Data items
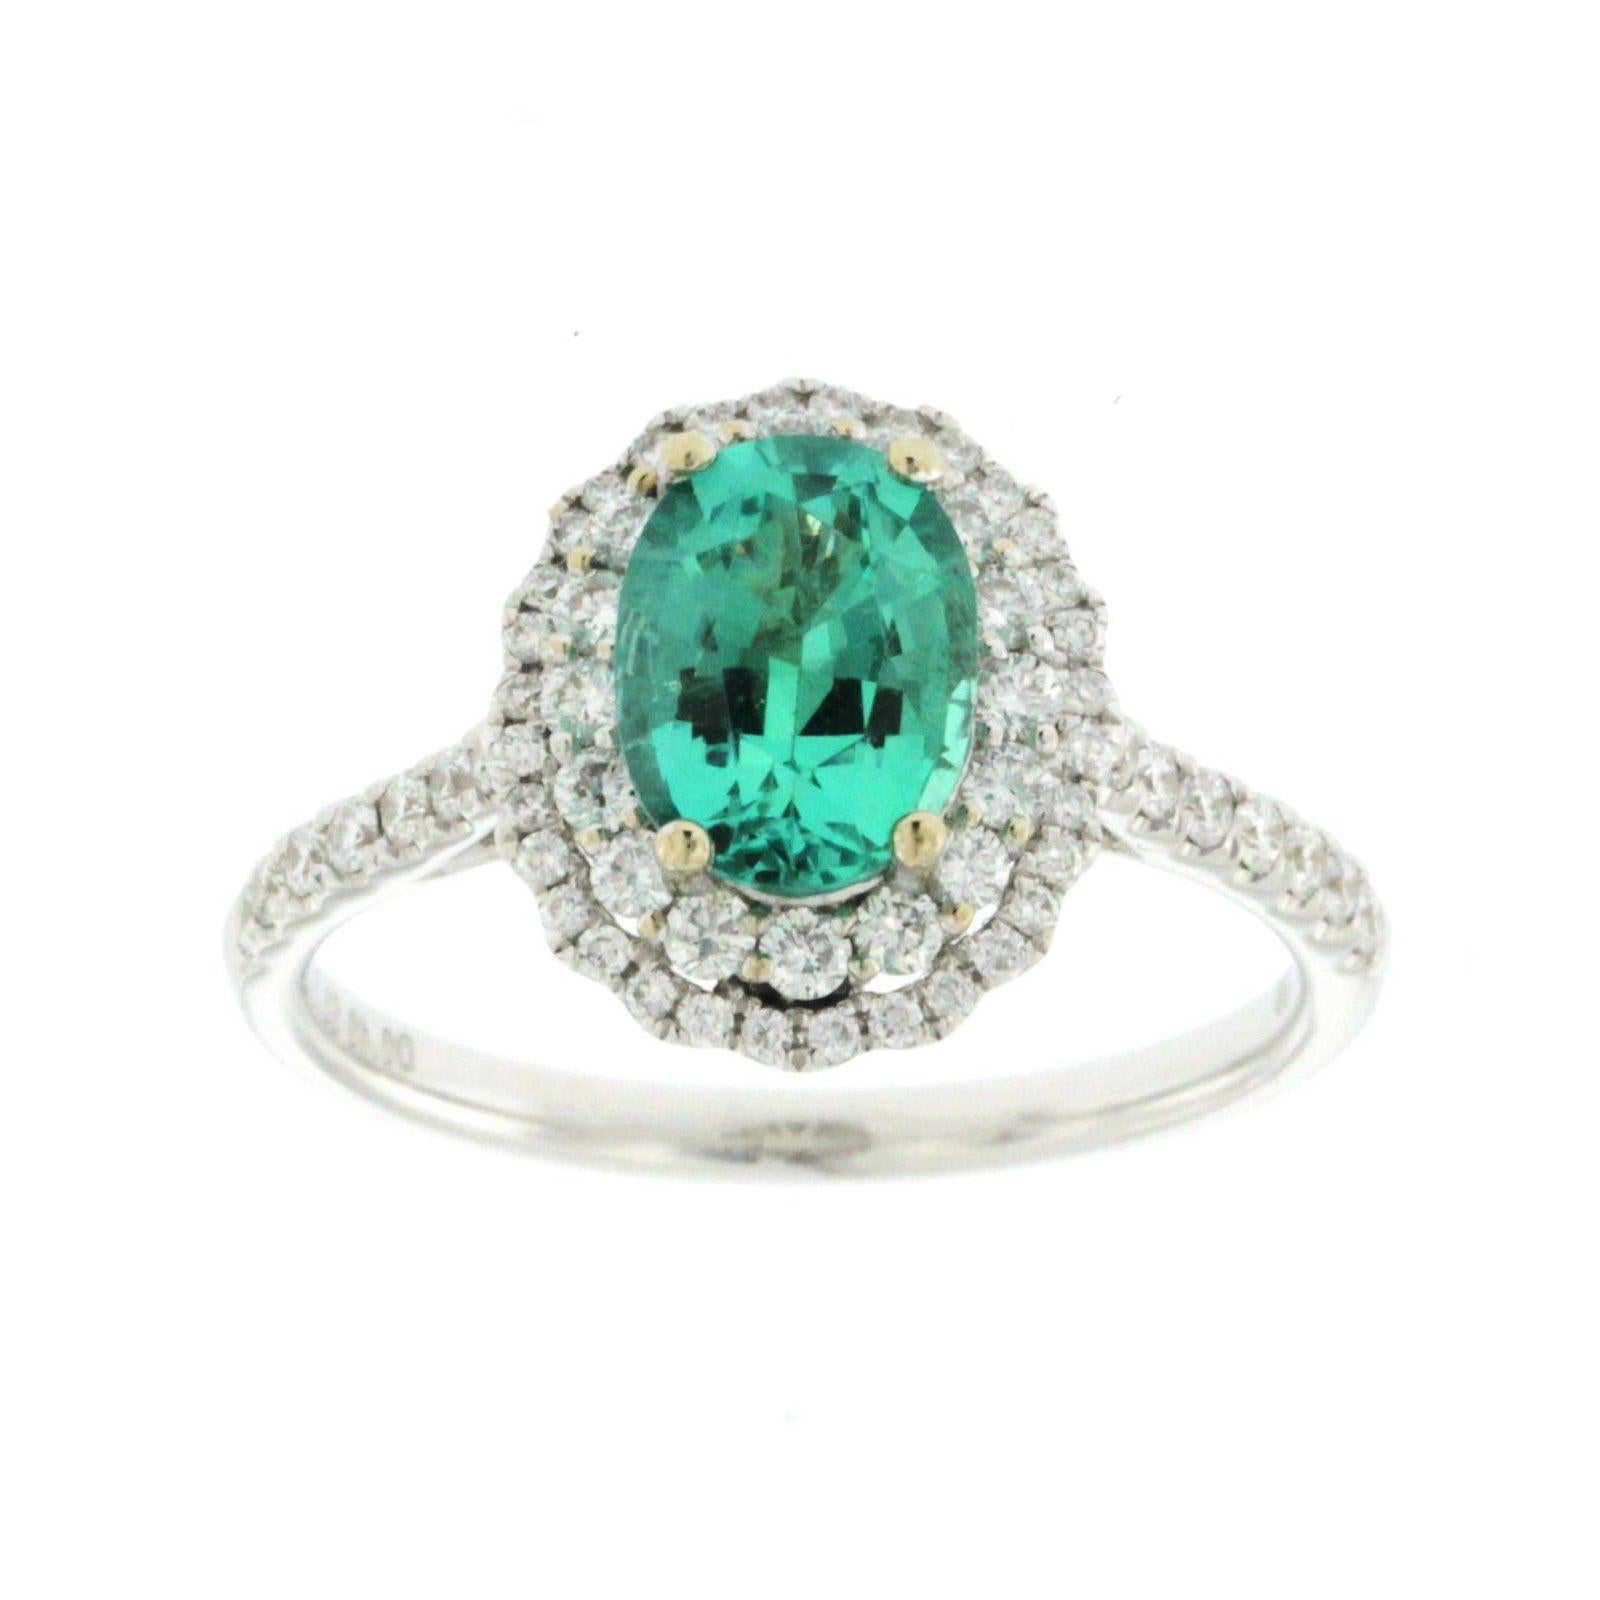 
Top: 13.6 mm
Band Width: 1.5 mm
Metal: 18K White Gold 
Size: 6-8 ( Please message Us for your Size )
Hallmarks: 750
Total Weight: 4.4 Grams
Stone Type: 2.14 CT Natural Emerald & 0.89 G VS2 CT Diamonds
Condition: New
Estimated Retail Price:

**What to do**
Each word of the data should be repeated exactly, and the pictures left out.

**Result of this exercise**
Top: 13.6 mm
Band Width: 1.5 mm
Metal: 18K White Gold 
Size: 6-8 ( Please message Us for your Size )
Hallmarks: 750
Total Weight: 4.4 Grams
Stone Type: 2.14 CT Natural Emerald & 0.89 G VS2 CT Diamonds
Condition: New
Estimated Retail Price:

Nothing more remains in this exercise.